Strengthening Constitutional Self-Government

No Left Turns

Don’t Cry for BROWN’s Demise

That’s the thoughtful if partly misguided conclusion of Juan Williams. Williams is wrong that BROWN imposed a race-conscious remedy. It actually only demanded that a kid not be assigned to a school based on his race. But it is true that a unanimous court in SWANN (1971) ruled that BROWN actually mandated maxing out on real integration and so Court-ordered busing. All other educational considerations should give way to the goal of racial balance. It is disquieting that a proper understanding of BROWN eluded every member on the Court, and one reason for that is that BROWN just isn’t a well reasoned argument (although it was a perfectly correct decision). Now, Juan contends, racial malice just can’t be blamed for all our bad schools and the real scandal of very unequal educational opportunity. Our new goal should be much less about integration and much more about a good education for all our children. Empty, elitist talk about diversity should give way to a serious examination of what our devotion to equality really demands of us.

Discussions - 6 Comments

But Peter, Brown inherently mandated coercive integration by concluding that black kids' self-esteem was implicated in even de facto segregation. Thus they had to go to school with whites to get an equal education. And that's why Plessy wasn't really overturned legally. Though he doesn't make the point clearly, I think Juan is right here. He and Clarence agreed on this way back in the early 80's. I think the case yesterday is then a kind of turning point. The Court is modifying the reasoning of Brown without making it explicit, as you say in part because Brown was so poorly argued. Of course, there's always the possibility in future of a "compelling interest."

I just read Mona Charen's article posted at NRO, wherein she discusses Justice Thomas's concurrence in the schools case (which I have not yet read). Clarence makes the argument I pointed to above, as one would expect. By the way, I did read Thomas's concurrence in Morse v. Frederick, and it is great also, as Julie I think mentions below.

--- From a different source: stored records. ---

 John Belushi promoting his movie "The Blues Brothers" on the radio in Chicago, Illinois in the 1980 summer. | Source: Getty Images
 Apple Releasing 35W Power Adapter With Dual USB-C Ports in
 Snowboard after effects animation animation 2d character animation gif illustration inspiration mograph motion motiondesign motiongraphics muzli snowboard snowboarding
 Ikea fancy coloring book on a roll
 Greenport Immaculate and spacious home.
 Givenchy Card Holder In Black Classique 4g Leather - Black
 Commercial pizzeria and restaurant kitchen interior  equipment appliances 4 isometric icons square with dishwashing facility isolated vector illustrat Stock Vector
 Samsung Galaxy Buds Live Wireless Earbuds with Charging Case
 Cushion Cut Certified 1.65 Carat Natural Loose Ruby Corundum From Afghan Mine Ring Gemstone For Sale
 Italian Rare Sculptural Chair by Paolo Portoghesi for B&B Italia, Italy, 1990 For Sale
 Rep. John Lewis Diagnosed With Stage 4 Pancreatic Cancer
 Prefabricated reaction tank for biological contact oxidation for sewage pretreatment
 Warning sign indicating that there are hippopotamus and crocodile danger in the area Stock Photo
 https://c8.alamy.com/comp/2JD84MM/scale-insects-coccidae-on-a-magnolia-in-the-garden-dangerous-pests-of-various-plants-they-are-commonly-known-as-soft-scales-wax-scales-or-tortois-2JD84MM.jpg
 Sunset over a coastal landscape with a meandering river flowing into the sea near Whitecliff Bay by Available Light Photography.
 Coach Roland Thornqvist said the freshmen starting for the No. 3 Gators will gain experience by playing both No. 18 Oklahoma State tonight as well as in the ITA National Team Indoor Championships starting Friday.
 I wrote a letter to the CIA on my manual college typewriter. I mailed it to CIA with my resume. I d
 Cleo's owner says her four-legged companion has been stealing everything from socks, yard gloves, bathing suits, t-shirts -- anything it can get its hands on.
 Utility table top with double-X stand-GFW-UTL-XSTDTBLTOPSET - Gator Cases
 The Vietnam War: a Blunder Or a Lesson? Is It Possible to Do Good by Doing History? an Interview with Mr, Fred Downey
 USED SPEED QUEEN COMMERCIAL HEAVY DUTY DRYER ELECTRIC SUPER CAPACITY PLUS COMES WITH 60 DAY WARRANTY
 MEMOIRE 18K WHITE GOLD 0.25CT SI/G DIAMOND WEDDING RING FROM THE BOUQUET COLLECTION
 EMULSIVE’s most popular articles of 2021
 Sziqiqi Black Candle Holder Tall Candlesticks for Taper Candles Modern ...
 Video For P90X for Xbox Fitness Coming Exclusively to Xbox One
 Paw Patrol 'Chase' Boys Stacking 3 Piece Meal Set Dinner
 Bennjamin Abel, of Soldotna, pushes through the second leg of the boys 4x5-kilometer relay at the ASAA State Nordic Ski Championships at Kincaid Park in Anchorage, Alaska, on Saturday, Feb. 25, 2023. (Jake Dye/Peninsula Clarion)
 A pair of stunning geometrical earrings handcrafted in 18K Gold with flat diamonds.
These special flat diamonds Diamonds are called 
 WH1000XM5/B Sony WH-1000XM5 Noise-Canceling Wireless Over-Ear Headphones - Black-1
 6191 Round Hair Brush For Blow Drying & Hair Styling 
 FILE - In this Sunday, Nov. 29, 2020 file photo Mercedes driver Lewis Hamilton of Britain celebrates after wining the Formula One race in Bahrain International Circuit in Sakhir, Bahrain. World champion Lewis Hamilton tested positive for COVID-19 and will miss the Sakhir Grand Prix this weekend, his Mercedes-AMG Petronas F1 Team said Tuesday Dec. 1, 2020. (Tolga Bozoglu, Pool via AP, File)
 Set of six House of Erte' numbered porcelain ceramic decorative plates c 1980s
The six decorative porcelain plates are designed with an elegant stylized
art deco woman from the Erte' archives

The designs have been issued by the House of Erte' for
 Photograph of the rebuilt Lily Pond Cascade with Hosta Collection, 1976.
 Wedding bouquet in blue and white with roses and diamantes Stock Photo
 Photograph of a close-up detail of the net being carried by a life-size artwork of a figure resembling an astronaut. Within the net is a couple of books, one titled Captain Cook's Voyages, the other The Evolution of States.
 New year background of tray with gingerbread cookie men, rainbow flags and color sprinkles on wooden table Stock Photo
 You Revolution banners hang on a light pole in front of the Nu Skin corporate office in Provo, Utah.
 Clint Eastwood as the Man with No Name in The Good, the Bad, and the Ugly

A good column by Juan Williams. Instead of living in the past like Breyer, the other SCOTUS judicial supremacists, the NAACP and the Democratic party, he's looking at current realities and what's best for kids.

Doesn't Brown actually say that it's the legal separation solely by race affects the heart and mind etc.? It just wasn't understood at the time as reversing Plessy by saying that legal separation could never be equal. The initial interpretation of Brown everywhere was neighborhood schools, there was no thought of busing or anything like that.The change in the view of
Brown came in Greene v. New Kent County etc. in response to a way of taking race out of the law while maintaining virtually perfect actual segregation. Brown clearly is concerned with de jure segregation, the de facto concerns came later, and certainly it's true enough that its mushy psycho argument could be spun to fit them.

Well, I see your point, though I think law in general got trumped by social science in the nerve of the Brown argument. I read Clarence's opinion this afternoon and the whole vast middle of it is a throughgoing refutation of the social science arguments about the psychological benefits to blacks of integrated education remade by Breyer. He also angers Breyer I'm sure by pointing out that many of his arguments were similar to those made by the segregations pre-Brown. It is likely that the Brown Court did not foresee the social engineering schemes nor the diversity regime that their argument would invite and encourage. Still, it took all this time to put Brown in its own "Locke Box," tenuously.